生き残りのカギ





21世紀は200年以上に渡って続いてきた産業社会が情報社会に構造変化する変動の世紀である。事実、20世紀までの常識や定説では理解不能な変化が続々と起こっている。このような激変の時代の中で「生き残る」といった時に、あなたはまず何が生き残ることを考えるだろうか。会社のような自分が所属する組織だろうか。日本というような国家だろうか。それとも自分や自分の大切な人といった個人だろうか。

国が生き残れるか、組織が生き残れるかということを重視する考え方の裏には、「寄らば大樹の陰」の発想が潜んでいる。自分の中にアイデンティティーがないため「自分の足」で立つことができず、常に何に縋って自分の居場所を作るかから考えることしかできない。だからこそ、自分がどうするかより先に、自分の身の寄せ先としての組織や国家がこのままずっと続いてくれることを第一に願うことになる。

そもそも近代国家とは、国民国家という思想は産業社会よりは長い歴史を持つものの、市民革命によって権力の社会契約説が生まれて以降の産物であり、近世いらいのせいぜい400年程度の歴史しかない。出資者の有限責任に基づく近代企業にいたっては、産業革命の成果として経済の拡大・生産の拡大が起こった19世紀半ば以降に、より大きな規模での経済活動を行うために生まれたものである。

近代国家も近代企業や組織も、産業社会とどっこいどっこいの歴史しか持っていない。というより、それらは全て近世以降の市民社会・大衆社会の興隆と、それとクルマの両輪とも言える経済成長の過程から出来上がってきたものだ。しかし何か大きな組織や権力にすがることで集団の中に埋没して生き残れるというのは、「頭数」の多さがモノを言った時代のやり方の名残だ。そしてこちらはけっこう歴史がある。
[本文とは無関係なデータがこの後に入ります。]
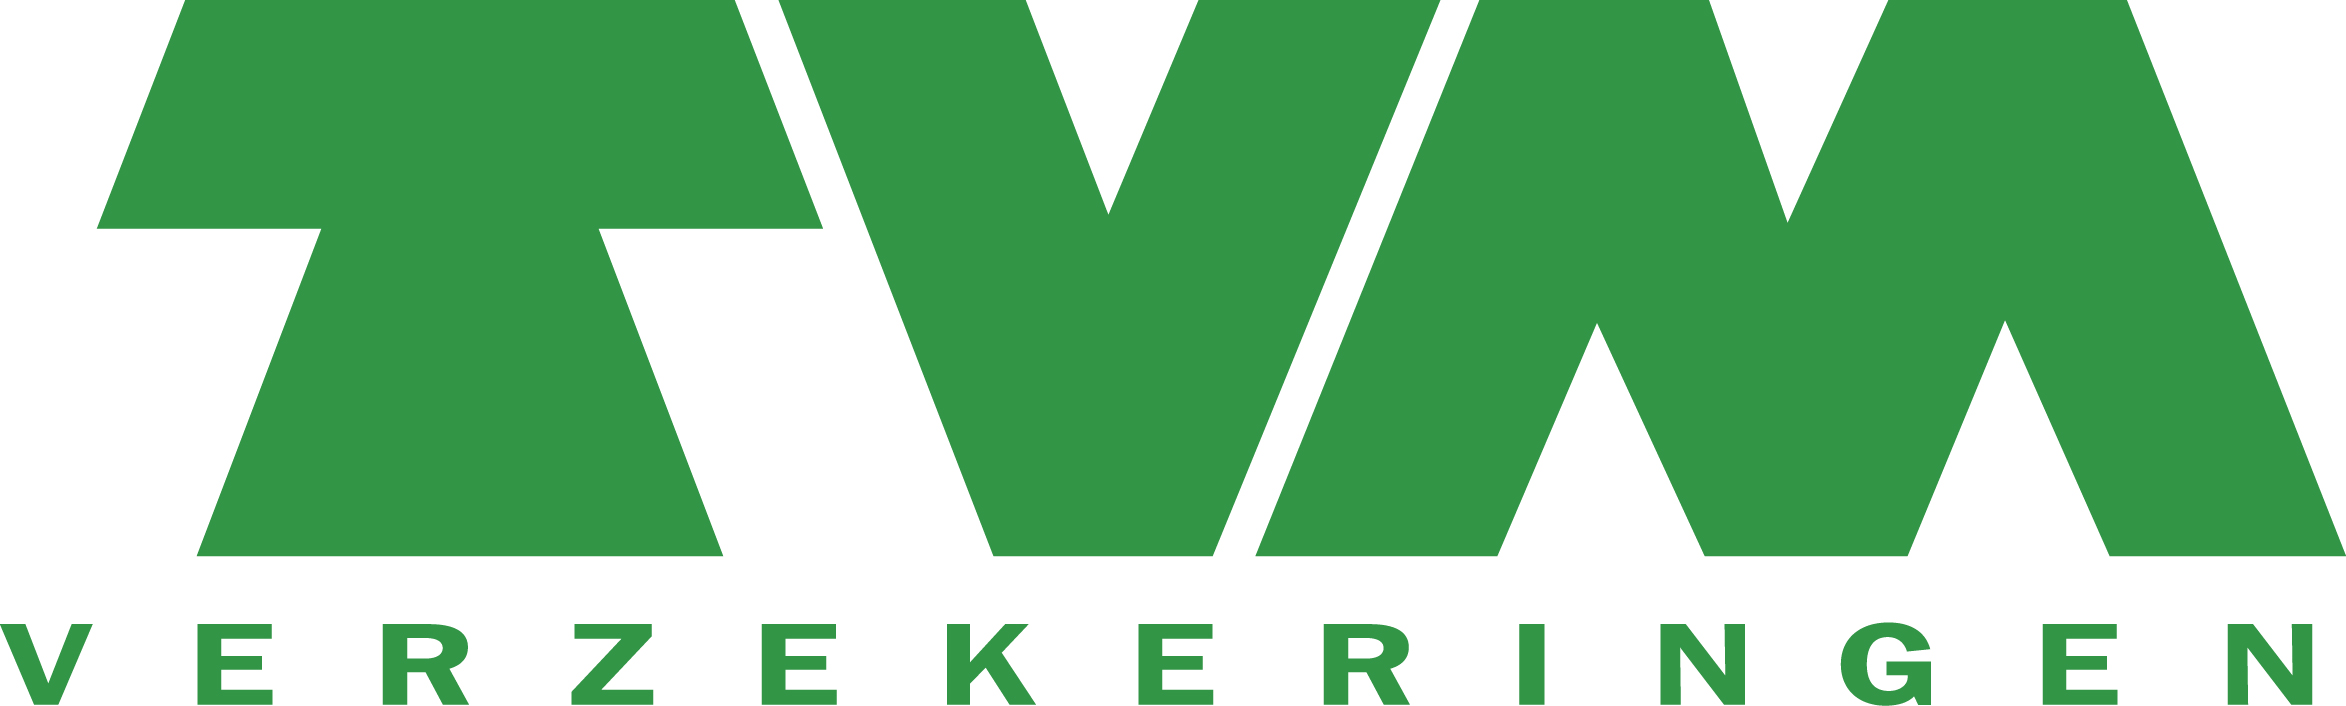 TVM verzekeringen Logo photo - 1

というのも、長い間人類を人類たらしめてきたアイデンティティーこそ、労働集約的な協業にあるからだ。言語を持ち形式知を共有することで、集団としての力を発揮できる。これこそ人類をそれ以外の動物と大きく分ける要因となった。原始時代に農耕が始まるとともに集団の力が必要となったため、それまでの動物的な「群」を脱して集落や部族が生まれ、「数が多いことは力」という新しい局面が始まったのだ。

以来一万年に渡り、人類は労働集約的な人海戦術でいろいろなことを成し遂げてきた。エジプトのピラミッドや秦の始皇帝の兵馬傭、大仙陵古墳など莫大な人手を掛けて建築された古代の遺跡が、その頃から「数の力」が決定的な権力の源になっていたことを今に伝えている。段々と技術が進み、機械が発明されることにより、単に手足の力だけでなく、その何千倍・何万倍というパワーをコントロールできるようになり、文明は発展した。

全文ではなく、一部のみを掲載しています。